There was no need for him to get pushy. I have always thought Mr. Cregar a fascinating and devilishly handsome fellow—ever since he first made an impression on me in This Gun for Hire (1942); so much so that I quite forgot—or was only too ready to neglect the by no means negligible performances of Alan Ladd and Veronica Lake. Playing Satan, Cregar brought wit to Lubitsch’s Heaven Can Wait, an otherwise disappointingly well-mannered and overly sentimental portrait of a scoundrel. Why hadn’t I seen more of Cregar over the years, considering my love for classic Hollywood movies?

Now, I am not in the habit of turning to an artist’s biography to assess his or her performances. Instead, I focus on the works that show people and storytellers are in the business of sharing with us. For that reason, the fact that Cregar practically starved himself to death in order to become a leading man was news to me. It seems that neither heaven nor Hollywood could wait for Mr. Cregar.

According to some sources, Cregar was born in 1913; others claim he came into this world in 1914; others still state 1916 as his date of birth. Certain, however, is that he died in 1944 of an uncommonly early heart attack, apparently brought on by a crash diet, the resulting 100 pound weightloss of which was intended to convince Hollywood to give top billing to a man considered too fat to play the dashing lead. Even on the air, where he could have gone invisible, Cregar played the fat man when he filled in for Sidney Greenstreet in the Lux Radio Theater adaptation of The Maltese Falcon. Mr.
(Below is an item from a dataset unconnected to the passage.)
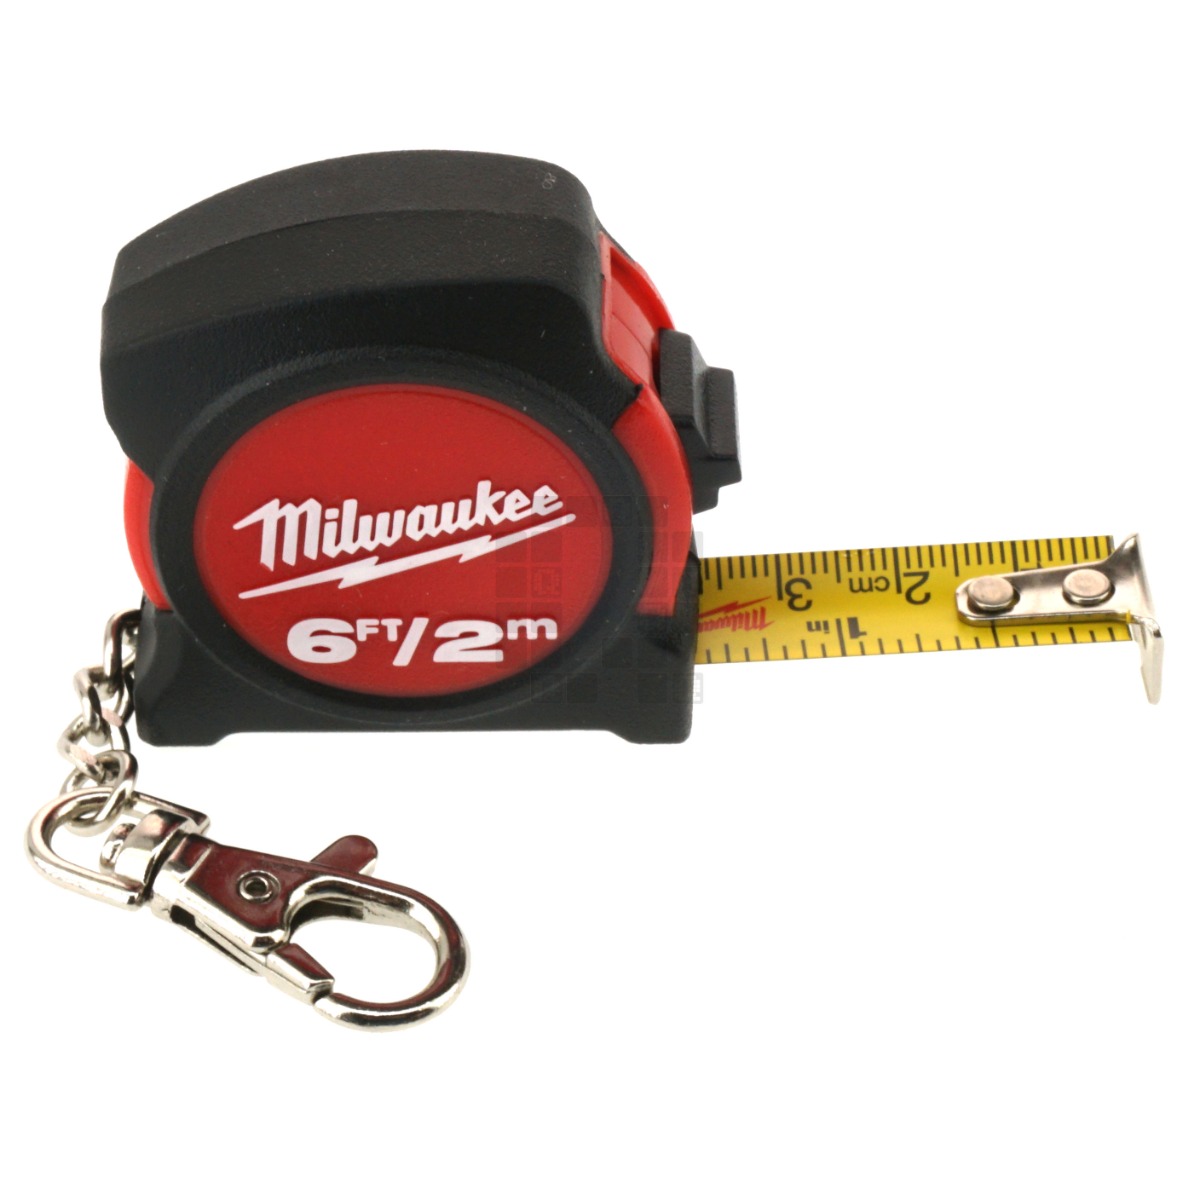 48 Wholesale Keychain Tape Measure - at

Cregar got his wish eventually, yet only posthumously, in Hangover Square (1945)—a belated nod to a man who conformed to an image and was reduced to one in the process.

After I thought about all this, I flicked through the current issue of the Radio Times and noticed that, just as I was fiddling with computer and camera to capture Cregar’s likeness from hell, the British cable channel Film Four had been screening The Black Swan, in which the actor impersonated Henry Morgan, a Welsh pirate born in the windswept parts I now call home.   Yes, Mr. Cregar seemed adamant to turn me into his medium today. Perhaps he was out to warn anyone with the New Year’s wish of shedding pounds this year to take it easy or, better still, to reconsider whether the eraser we take to our lives is chosen by ourselves or handed to us by those who dictate just how our being ought to be shaped.